In this section also are included plants which exhibit in some portion of their structure typical markings, such as the Astragalus, which in its root depicts the stars; the Banana, whose fruit, when cut, exhibits a representation of the Holy Cross; and the Bracken Fern, whose stem, when sliced, exhibits traces of letters which are sometimes used for the purposes of love divination. In Ireland, however, the Pteris aquilina is called the Fern of God, because the people imagine that if the stem be cut into three sections, on the first of these sections will be seen the letter G, on the second O, and on the third D—forming the sacred word God.

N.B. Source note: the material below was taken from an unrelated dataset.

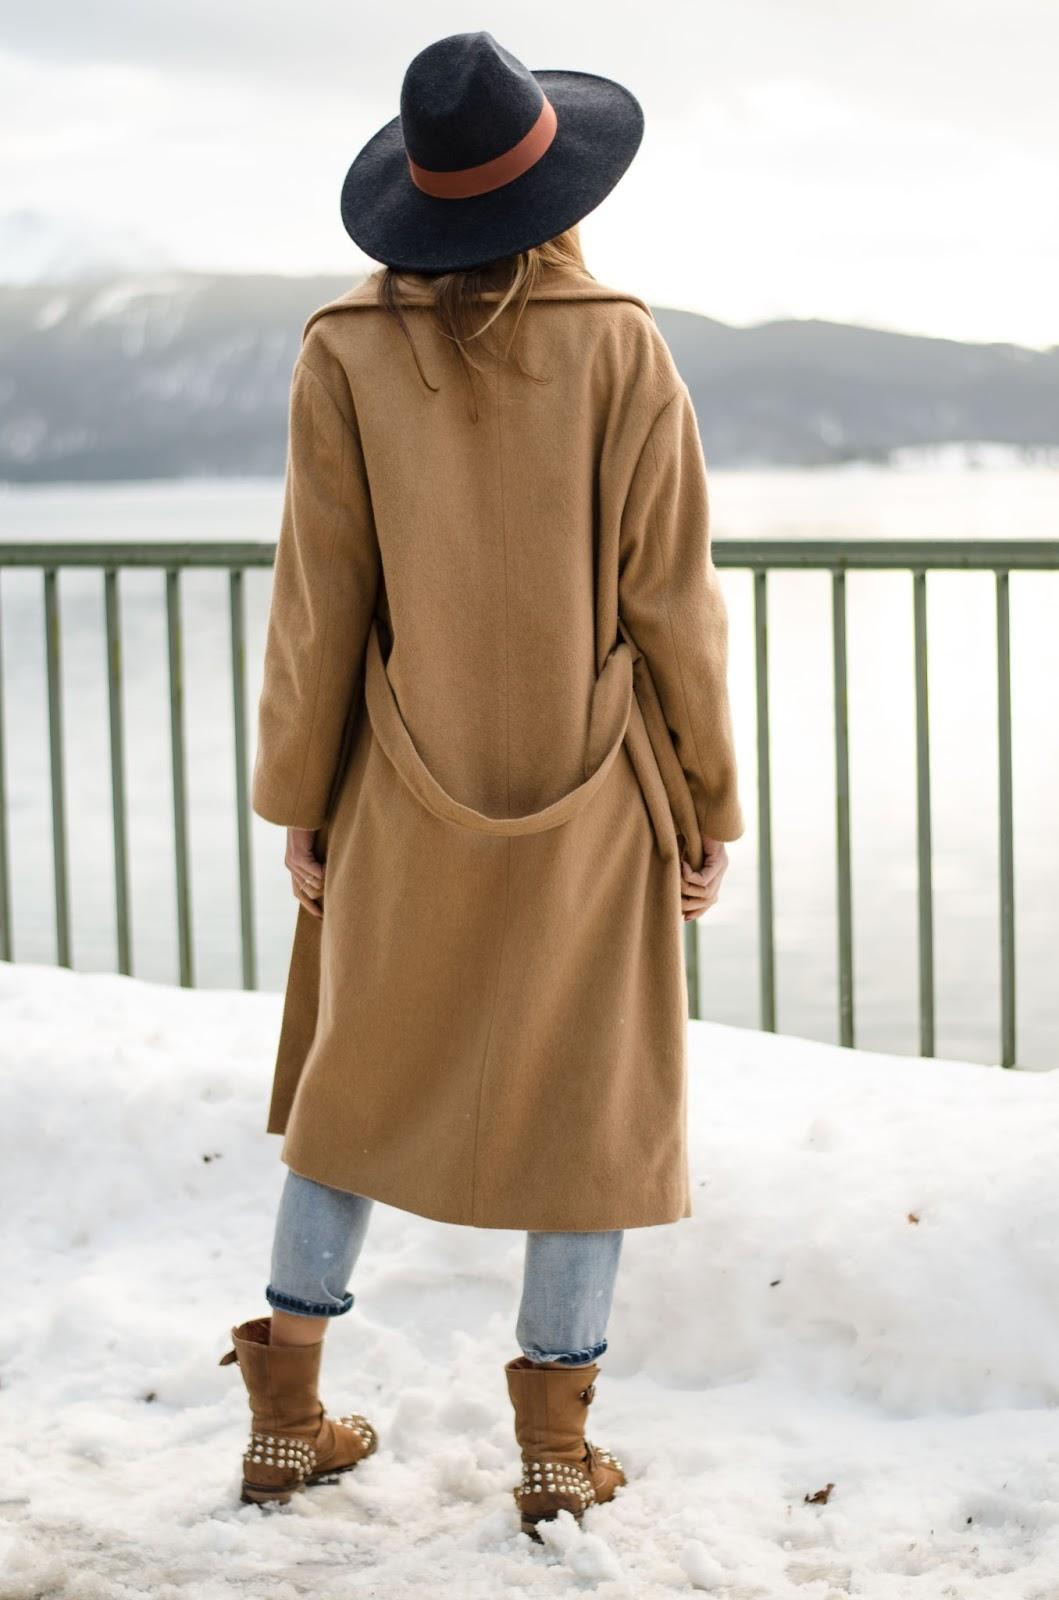 kristjaana mere camel coat boyfriend jeans ankle boots fedora snow

In the science of plant symbols, not only the names, but the forms, perfumes, and properties of plants have to be considered, as well as the numerical arrangements of their parts. Thus of all sacred symbolical plants, those consisting of petals or calyx-sepals, or leaves, divided into the number Five, were formerly held in peculiar reverence, because among the races of antiquity five was for ages a sacred number. The reason of this is thus explained by Bunsen:—“It is well known,” he says, “that the numeral one, the undivided, the eternal, is placed in antithesis to all other numerals. The figure four included the perfect ten, as 1+2+3+4=10. So four represents the All of the universe. Now if we put these together, 4+1 will be the sign of the whole God-Universe.” Three is a number sacred to the most ancient as well as modern worship. Pythagoras called it the perfect number, expressive of “beginning, middle, and end,” and therefore he made it a symbol of deity. Three therefore plays its rôle in plant symbology. Thus the Emblica officinalis, one of the sacred plants of India, was once the exclusive property of the priests, who kept its medicinal virtues secret: it was held in peculiar reverence because of its flowers possessing a six-parted calyx; three stamens, combined; three dichotomous styles; a fleshy fruit, tricoccous and six-seeded; these being all the sacred or double number of Three. In later days, the Shamrock or Trefoil, and the Pansy, or Herb Trinity, were regarded as symbolising the Trinity. Cruciform flowers are, at the present day, all regarded as of good omen, having been marked with the Sign of the Cross, and thus symbolising Redemption.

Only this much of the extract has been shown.